Inman: “Could a public radio station start an indiegogo campaign? Because part of the appeal of the campaigns is visually you can see that if I donate this, I get this. If I donate this I get that. There’s perks. There’s a clear goal that they can visually see. Rather then just getting on the radio and saying we need 50 grand and we’re at 38. Instead they can see an actual bar graph of how close you are. That might be a way to go. With my cases too they were so special, because in both  of them I had a clear villain and a clear hero”.

Heffel: Switching gears a bit, The Oatmeal is now three years old. In that short amount of time, you’ve amassed thousands of followers; your web comic gets millions of hits. If definitely seems like there’s a new type of web celebrity separate from viral video folks like Tay Zonday, or Matt Harding. Do you feel separate from those web celebrities, or feel in a different echelon because of what you do on the web?

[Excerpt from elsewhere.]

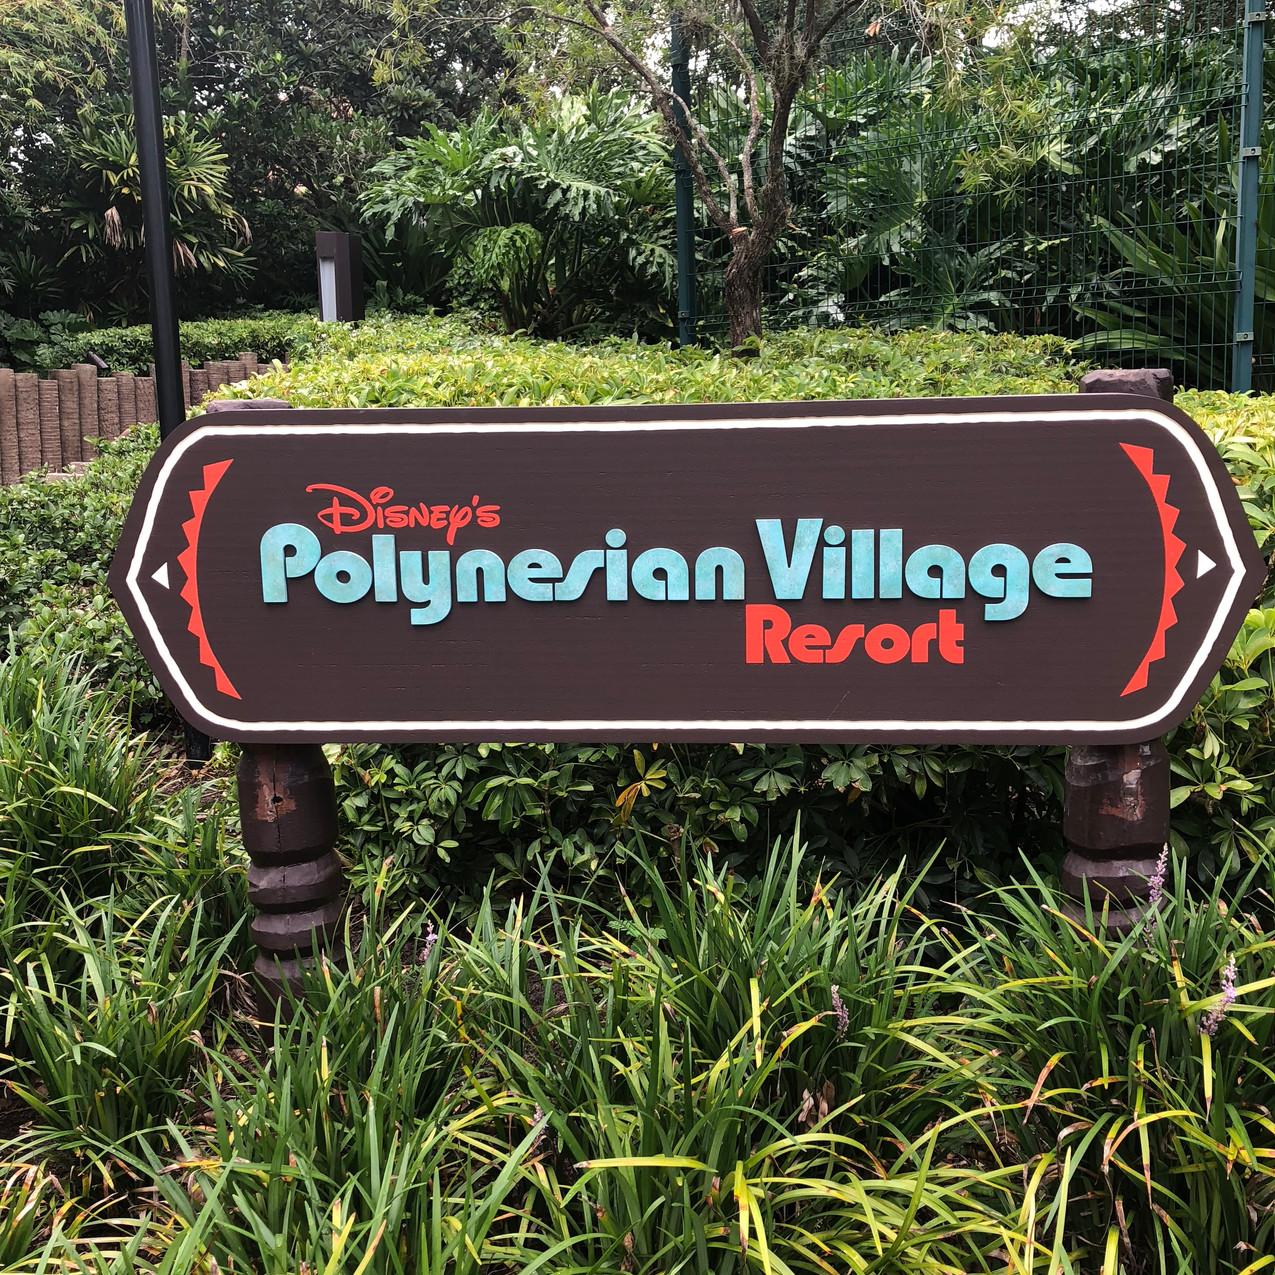 Disney's Polynesian Village Resort sign
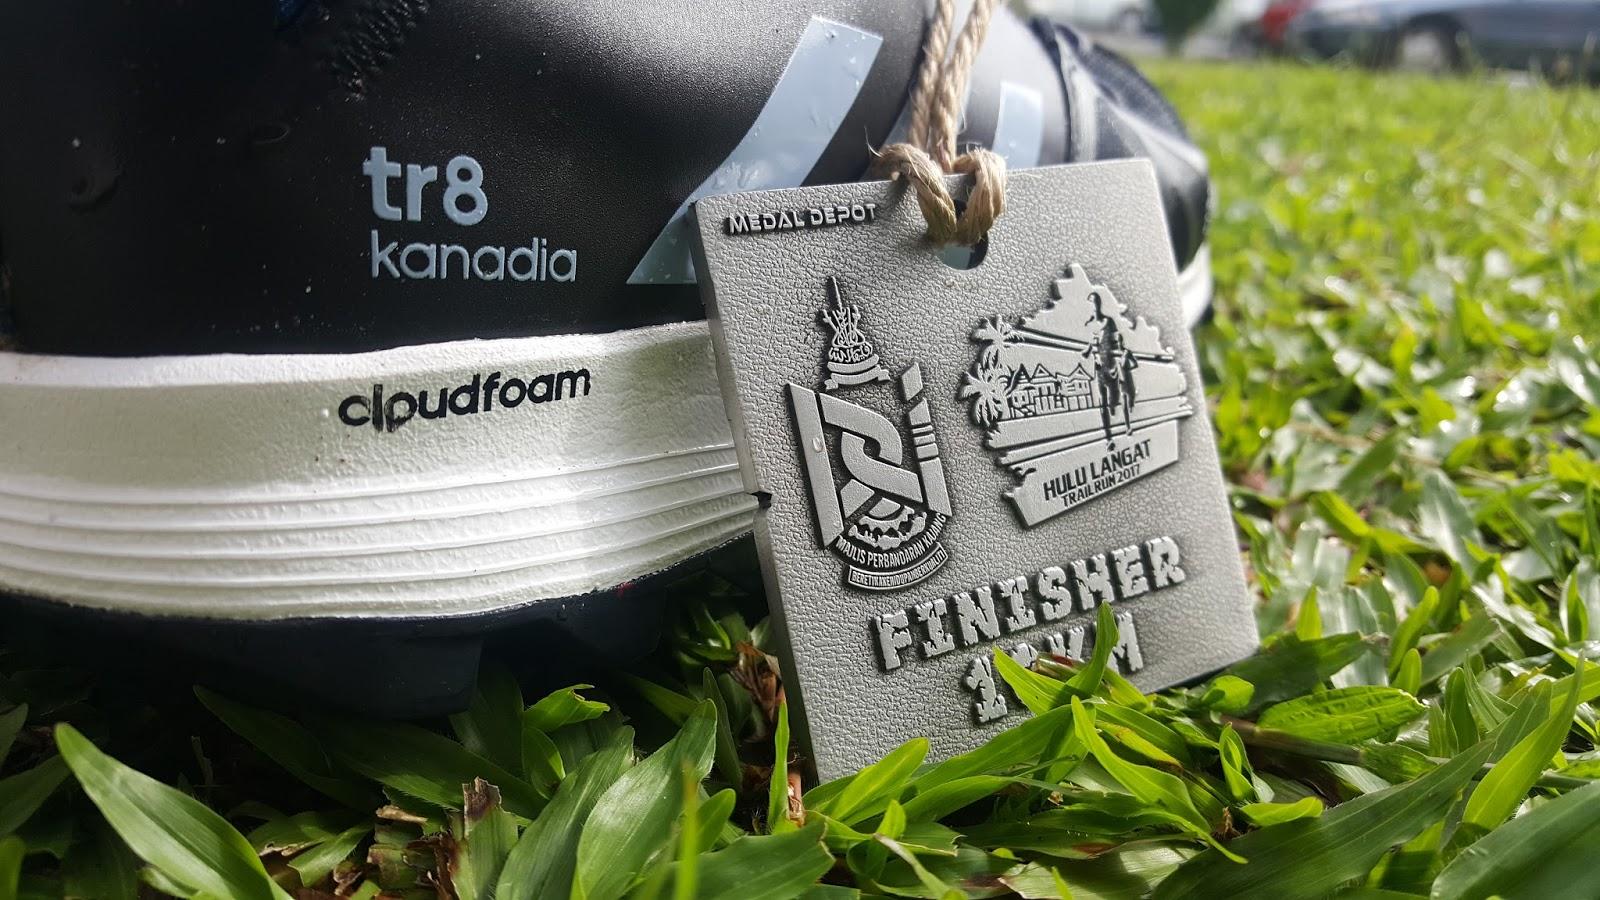 Finisher 10 KM

Inman: “I don’t think there’s any sort of that, at least not to me. Let me try to think of an example. Let’s say I met the creator of [the famous comic] BC. I’d be, ‘oh ok ,you know, alright.’ But I didn’t really read his comic. But, there’s another comic right now -Loading Artist- that’s hilarious. He doesn’t have much of a following because it’s just started. I’d be just as excited to meet him as I would to meet Jim Davis.”  

Heffel: So then the internet has leveled the playing field in regards to celebrity -at least on this level?

Inman: “I think so. There isn’t this kind of boys club. Maybe in 20 years we’ll all be grumpy because we were once famous, and now we’re not…I don’t know.”

Heffel: You’d be like: ‘I’m the creator of The Oatmeal! Get off my lawn!’

Inman: “Yeah, I pioneered crowd funding! Or some crap like that, [laughs] sitting there in my suspenders…”

Matthew Inman is creator of the web-comic The Oatmeal.